The legislative framework should also look at ensuring that taxpayers are not paying for foreign visitors to attain free services within the public institutions; that the public sector is also certified so as not to be ousted from the medical campaign because of inferior care; that practitioners are bona fide in both public and private care; and that insurance frameworks are set up for institutions and practitioners. What is also significantly important for authorities to consider, especially in this age of terrorism, is that all best practises should be considered for the public and private health institutions to safeguard against exposure to unidentifiable bacteria or even bioterrorism.
Globally, destinations involved in medical tourism have implemented several solutions to ensure that the trend is sustained. For instance, South Korea has an institution dedicated 24 hour contact line with tourists about complaints, questions or any information that is for public care facilities. India, another popular destination for medical tourism have partnered with foreign insurance providers to allow visitors to access care at a lower price and with benefits. There are also investment incentive for foreign consultants to set up international firms in countries to compete with the public/private sector whilst providing specialised services to nationals and international visitors.

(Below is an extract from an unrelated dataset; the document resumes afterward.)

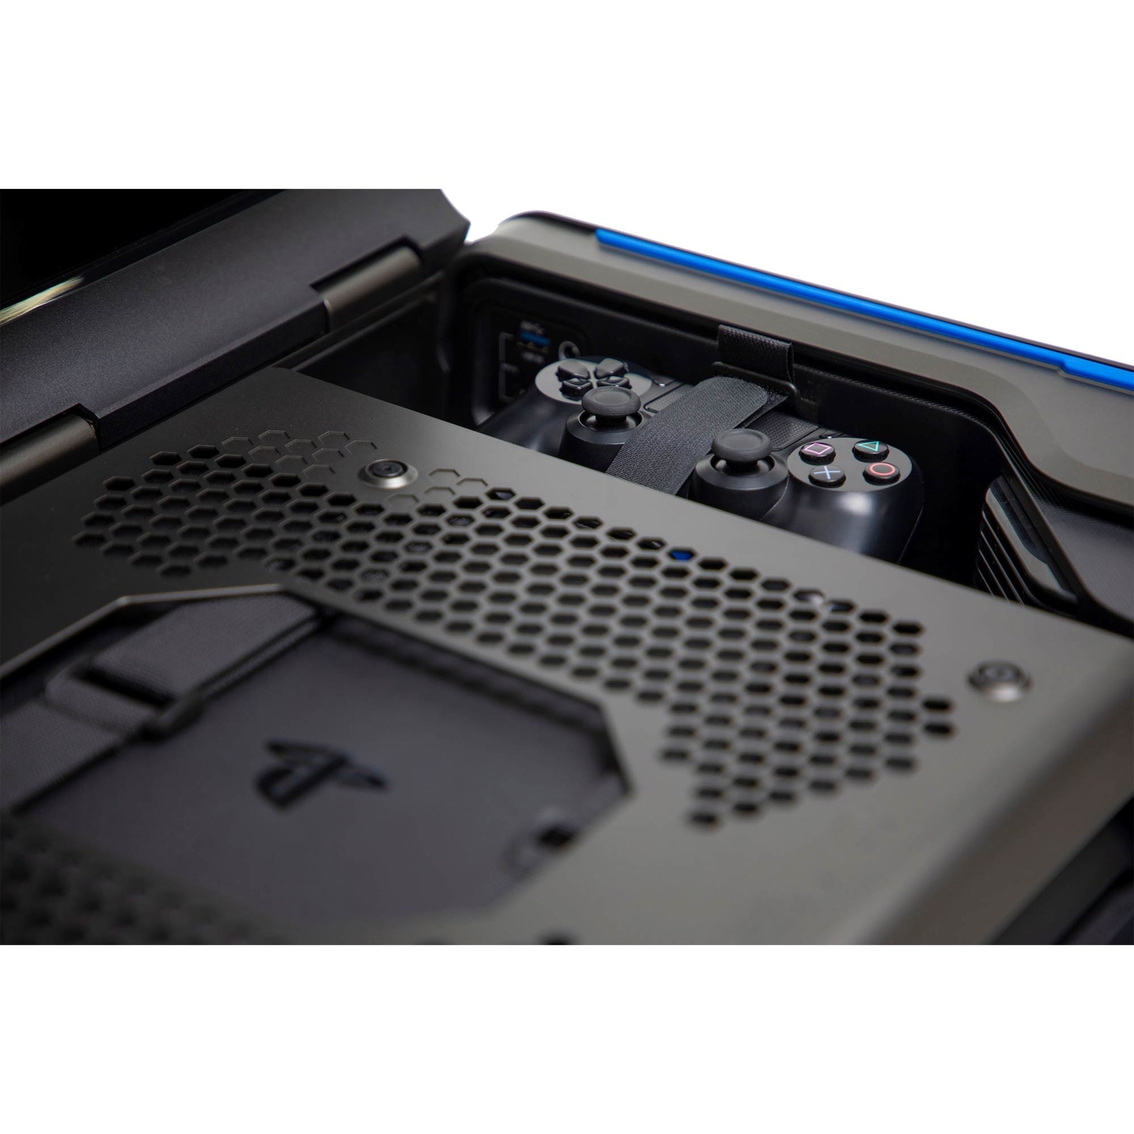 Gaems Guardian Pro Xp Personal Gaming Environment For Ps4, Xbox 1
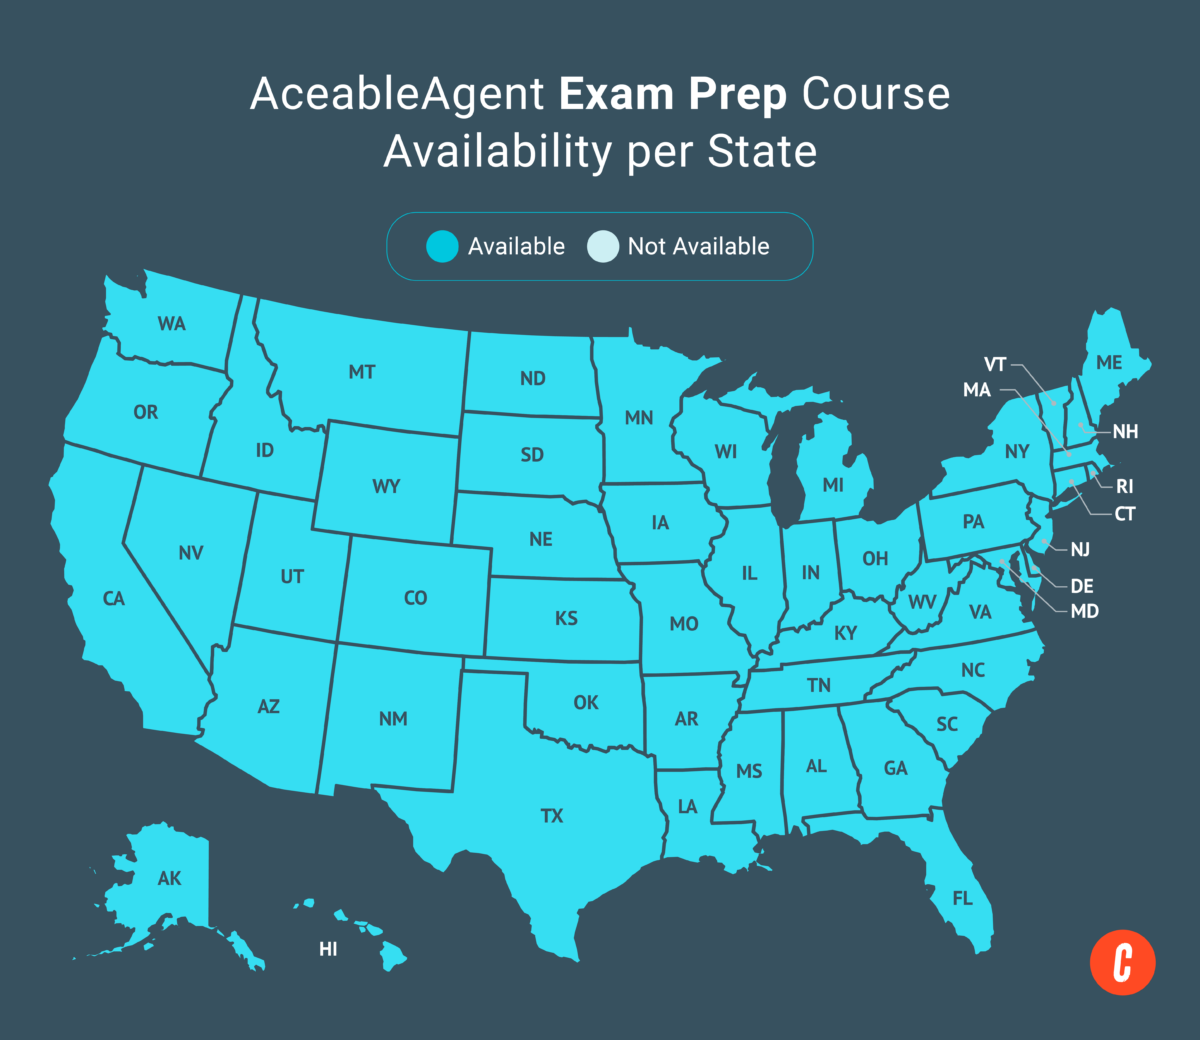 A U.S. map with states where AceableAgent's available exam prep courses are shaded

For T&T to differentiate its tourism product in the medical trend require a clear strategy by a partnered relationship of inter-ministerial Public/Private Health Care stakeholders and that of the Tourism authority to strategize on balancing the quality, efficiency, risk ,sustainability and innovation to effectively promote the islands. A spend on a campaign without a clear plan of action would equate to a loss of the taxpayer dollar and another tourism campaign that is botched! Having said that, what is your view: Is T&T ready to be the trend setter in medical tourism in the Caribbean?